Faris felt Jack move away from him in the darkness and could hear the sound of his hooves clumping around on the floor of the cave as though he was stamping his feet.
“Dum-de-dum,” Jack sang to himself under his breath. “De-dum-dum-de-dum. Come on – where are you?” He muttered.
“What are you doing?” Faris asked impatiently.
“Ah ha! Here we go…” Jack said, ignoring Faris. There was the sound of a loud decisive stamp and the cave was suddenly filled with light. Faris saw that Jack had stamped on another stone with a hoof shape carved into it. Faris thought it must be some kind of strange horse light switch or something.
“The best of Core magic,” Jack said with a knowing wink, “finest power source on the planet…or under it for that matter.”
“The best of what…? Magic?” Faris stammered.
But Jack wasn’t listening.
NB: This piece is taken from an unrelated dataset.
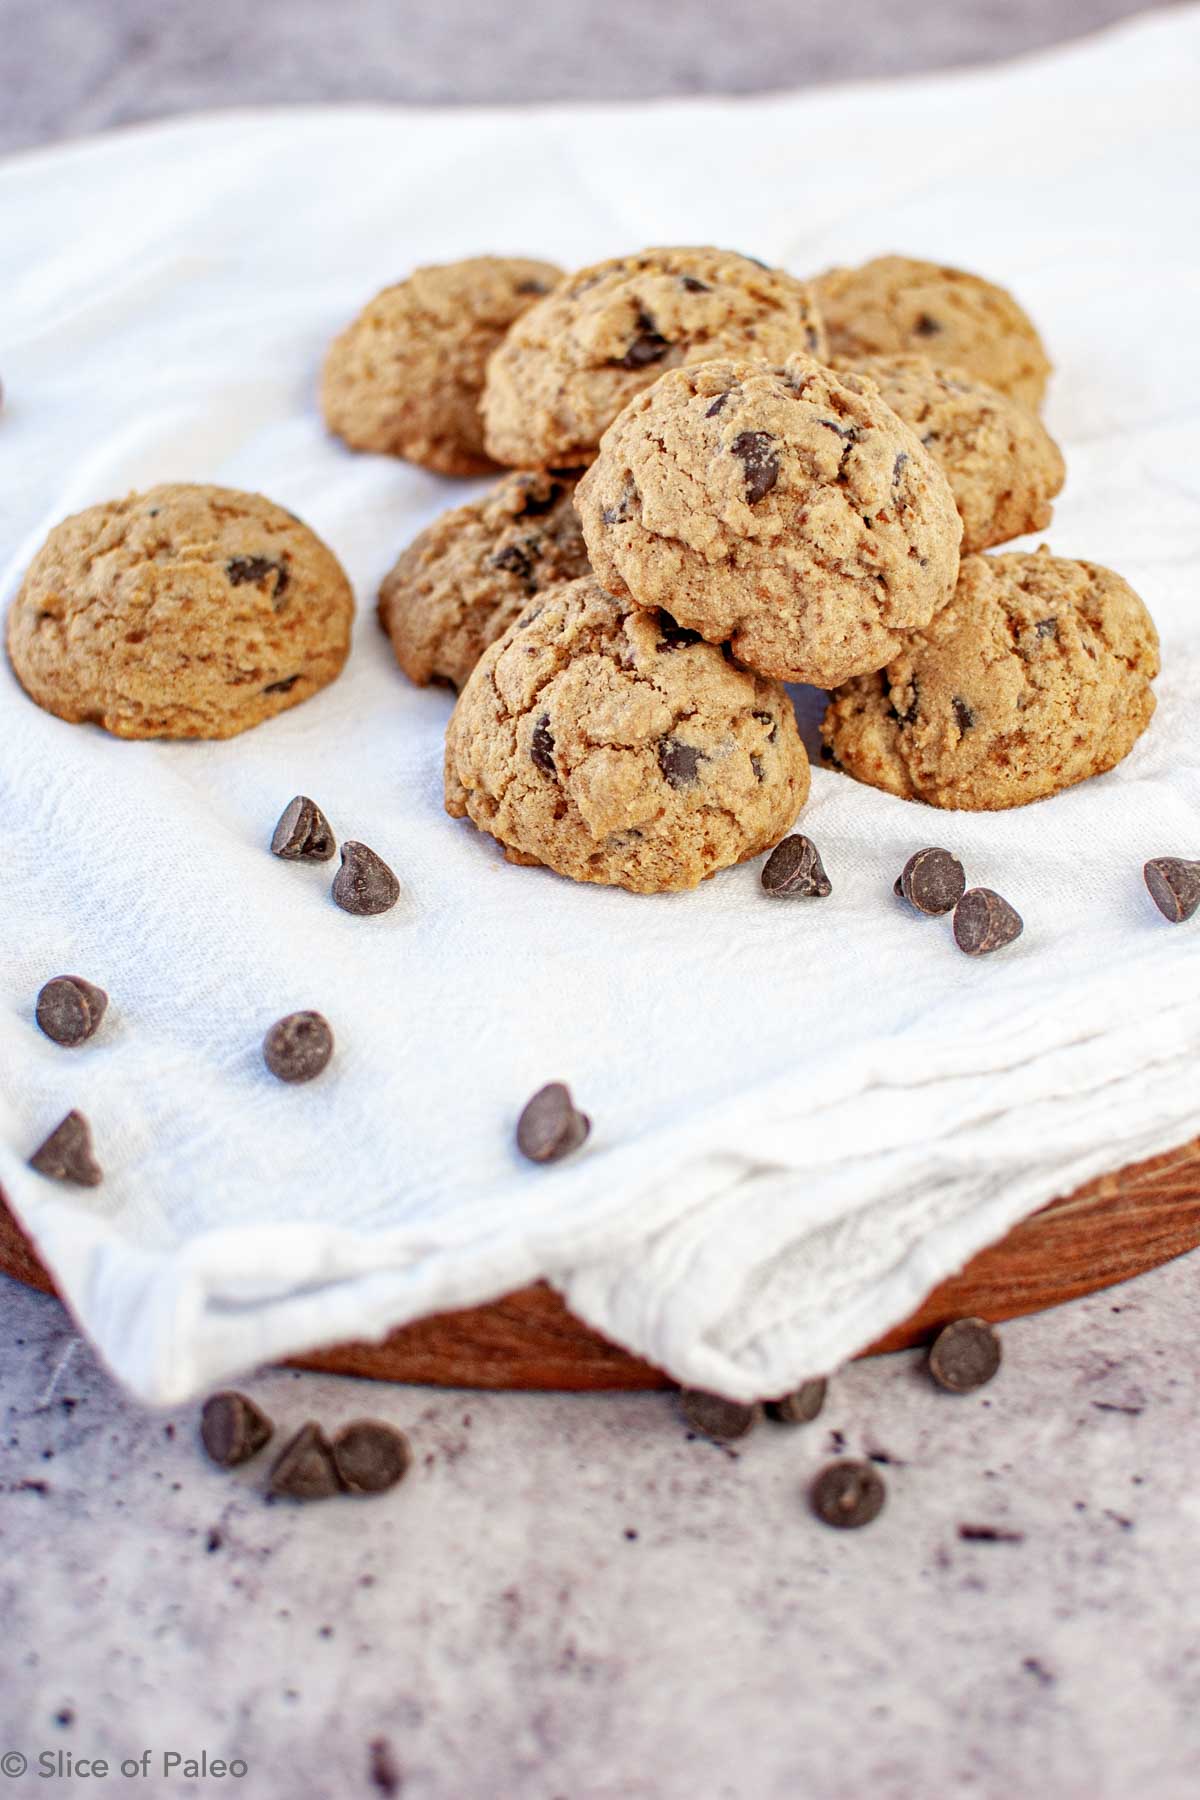 Paleo Chocolate Chip Cookies piled on a dish towel
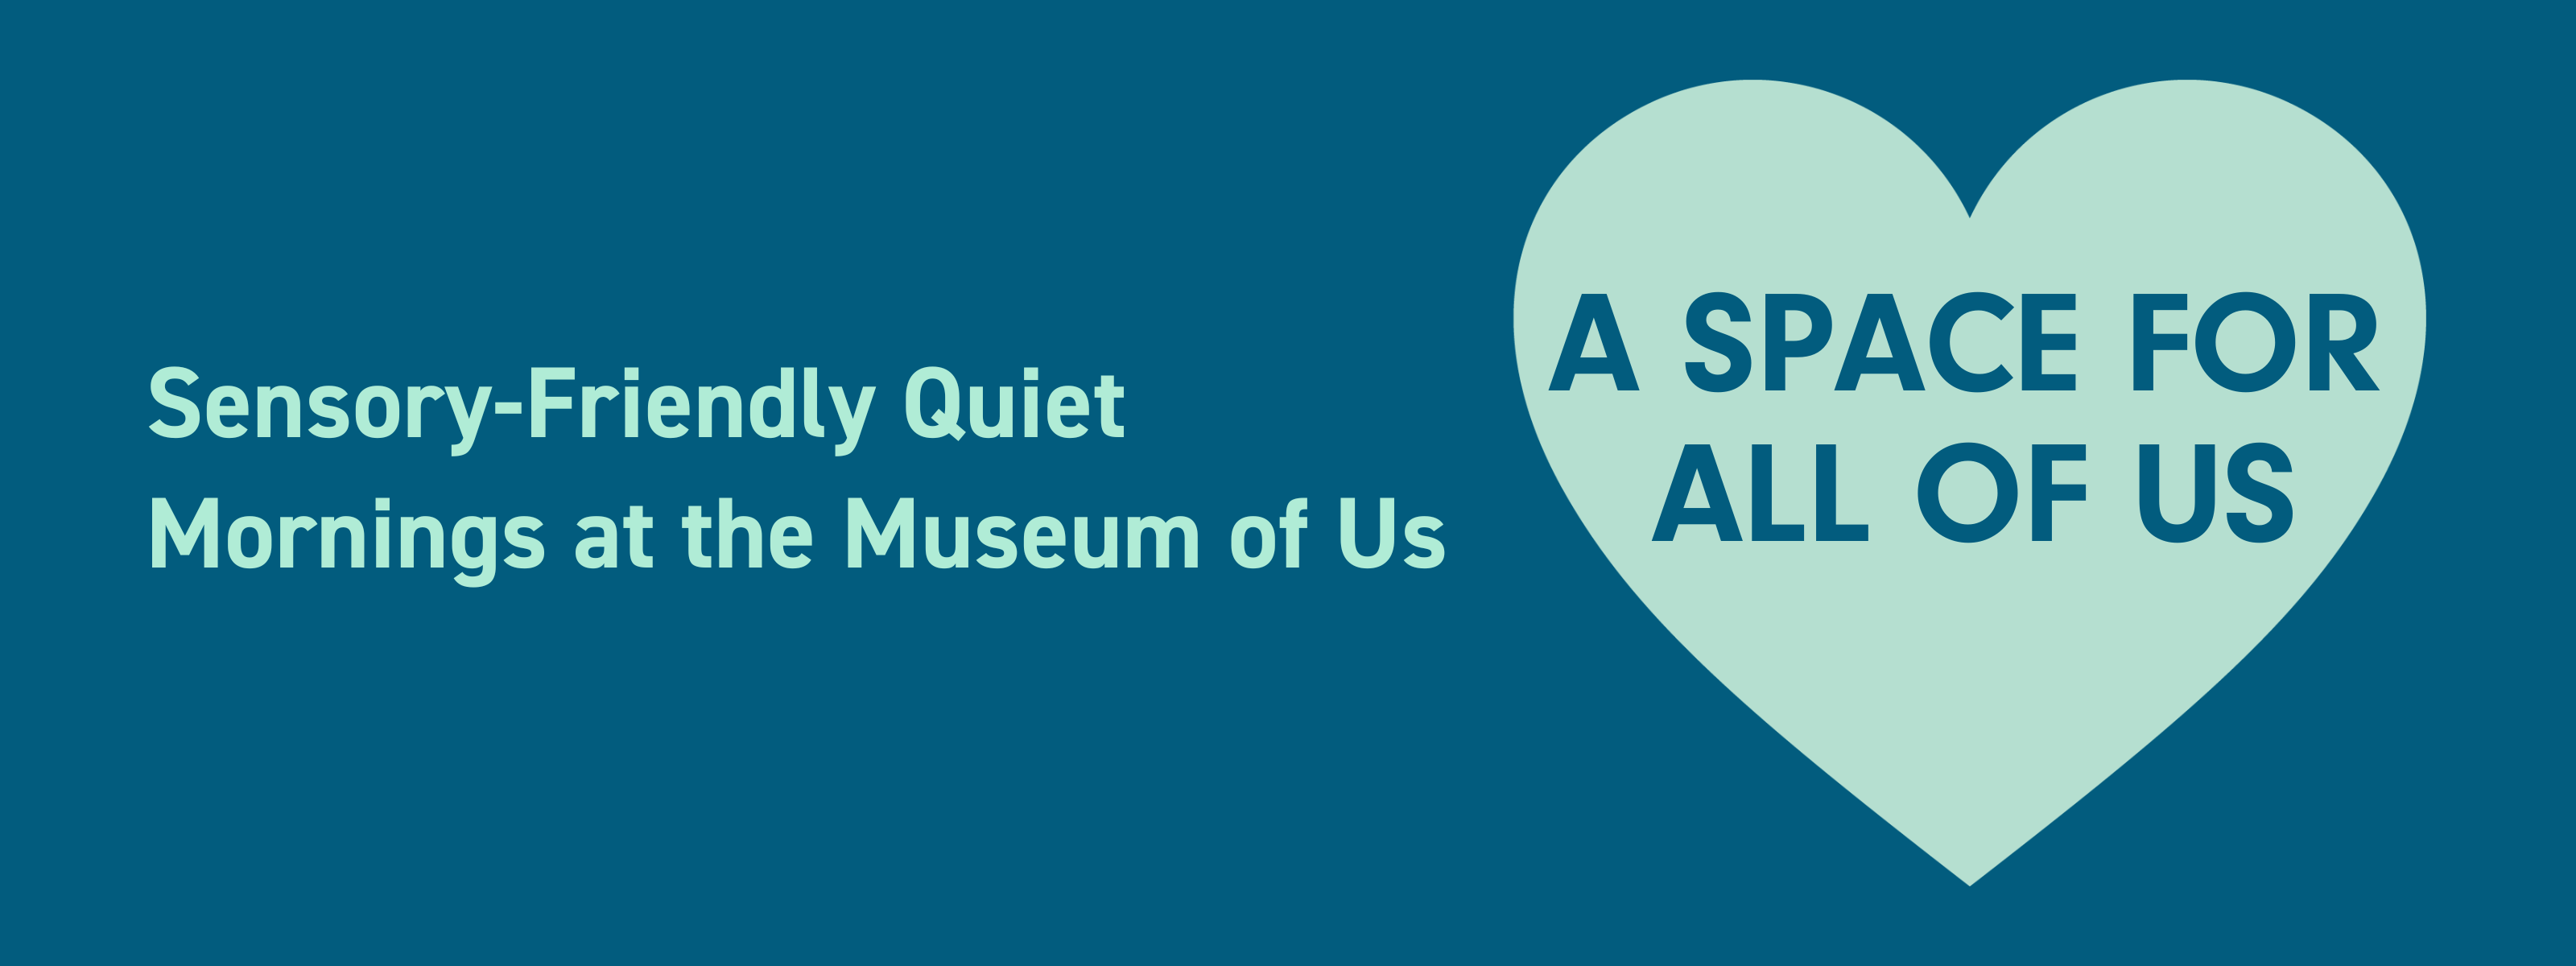 Dark blue graphic with light green heart icon, and text within the heart reading "A Space for All of Us Sensory-Friendly Quiet Mornings at the Museum of Us"

He was disappearing off towards the back of the cave, which Faris could now see was a long passage that led deeper and downwards. He hurried along behind Jack as he clip-clopped away.
“Of course it’s magic my little chum. How else do you think you can talk to me?” Jack said when Faris caught up to him.
“I suppose but…I didn’t really mean that…I meant it’s more…everything that’s odd.” Faris said.
“Odd? How so?” Jack replied.
“You know – one minute I’m sitting in the Foundation looking out of the window and the next birds are giving me plans to escape with a talking horse. Not exactly your usual day in South Appledale is it?”
“Ah, yes. It is odd when you put it like that, except technically I’m not a talking horse, I can’t talk to everyone. No, no indeed…” Jack shook his head as he walked. “It’s quite the opposite in fact Faris: I’m not a talking horse, you’re a person who talks to horses. You’re a Hoofer!” Jack said.
“I’m a what?” Faris’s voice was doubtful.
“A Hoofer.” Jack replied simply. “It’s what people in our world call people like you – people who can talk to horses.”
“A Hoofer…” Faris echoed dreamily and then he realised that he had stopped walking and trotted to catch up with Jack again.
“Anyway, the Hoofer thing aside, this shouldn’t feel that strange to you. Deep down, deep down in your heart you knew that something was going to happen. You knew that you were different didn’t you?”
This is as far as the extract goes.